I've been in a funk for a few months. An "overly ready for the next chapter to get here, hurry up God, ok I will surrender, but not really because I don't like to give up control" kind of funk.
I know I've blogged about these funks before, but I have found myself in the middle of one again.
Where I'm ready to move so bad it hurts, but ya can't move when your house hasn't sold. Where I just want to open our home up to friends, family and everyone in between, but we are a tad tight on elbow room. Where my desires seem to be pure and good so I just get flustered with God for working on this whole patience and contentment thing that I always struggle with. Point taken big guy, reading you loud and clear. Where I want to be home more, but I know my job is a calling and my clients need me.
So, today I need a new mindset. I need to refocus and take a step. Because that's what life is, one step at a time. If you run or look too far ahead you become overwhelmed. If you drag and look behind you seem to stop moving all together.
Our tiny home is just that, our home. All 900 square feet of it. I love our little home. It was my first really big kid purchase (well adult purchase, let's be real). I met Chris is this house. He proposed in this house. We brought Henry home to this house. My little blue house might be tight, but it is home for now and I need to make the most of that.
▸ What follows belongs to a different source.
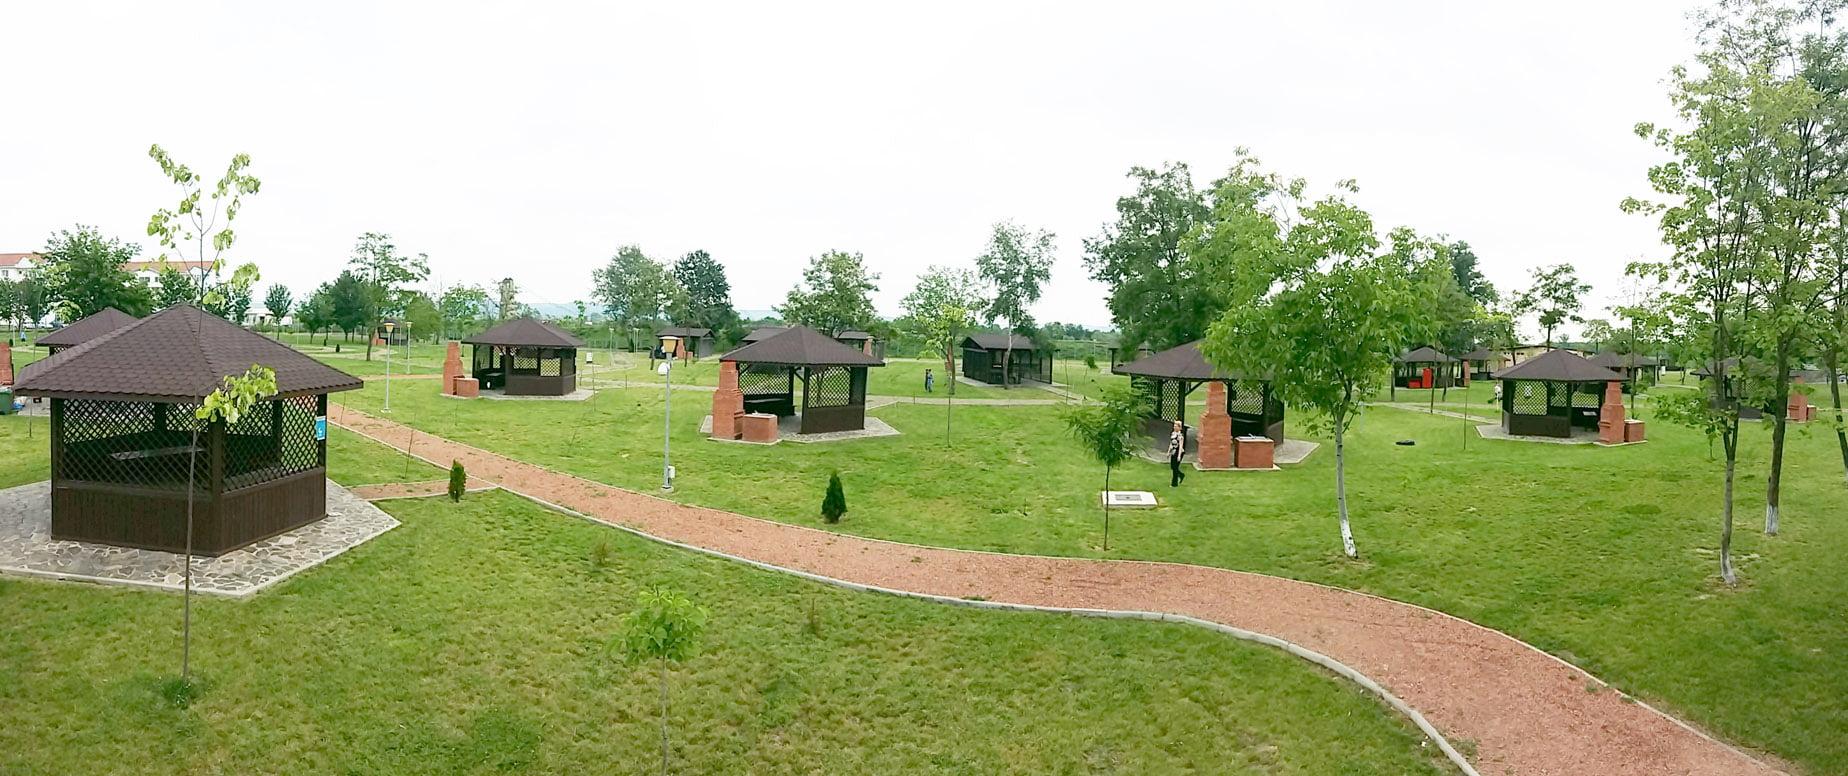 Vineri se deschide zona de picnic de lângă ștrand

Starting today, this little house and my mind are getting a little face lift. Closets are going to start being cleaned, I might hang a few new pictures or tackle the spray paint projects I've been putting to the side.
I keep thinking things will wait until we move, but right now that is unclear. The perfect buyer could come tomorrow (because our house is pretty cute and lovely). But, God might want us here for a while longer for some unknown reason, and that's ok. Because He always works for the good of those who love Him and I trust the next turn will be great if I walk beside Him rather than in front.
So watch out donation box at Walgreens because purging is under way. Chris, if you are reading this, a honey do list is being made. You ugly black shelves that have been hanging for 5 years, you're about to hit the curb. I'm ready to live in our little home again rather than be frustrated every other day. This is going to be fun!!!
And what post is complete without a cameo appearance from this fellow? We had just pulled into the driveway after being gone all day and I had said we were home. He smiled real big and let out a big sigh. Love that answers to prayer come in the simplest ways.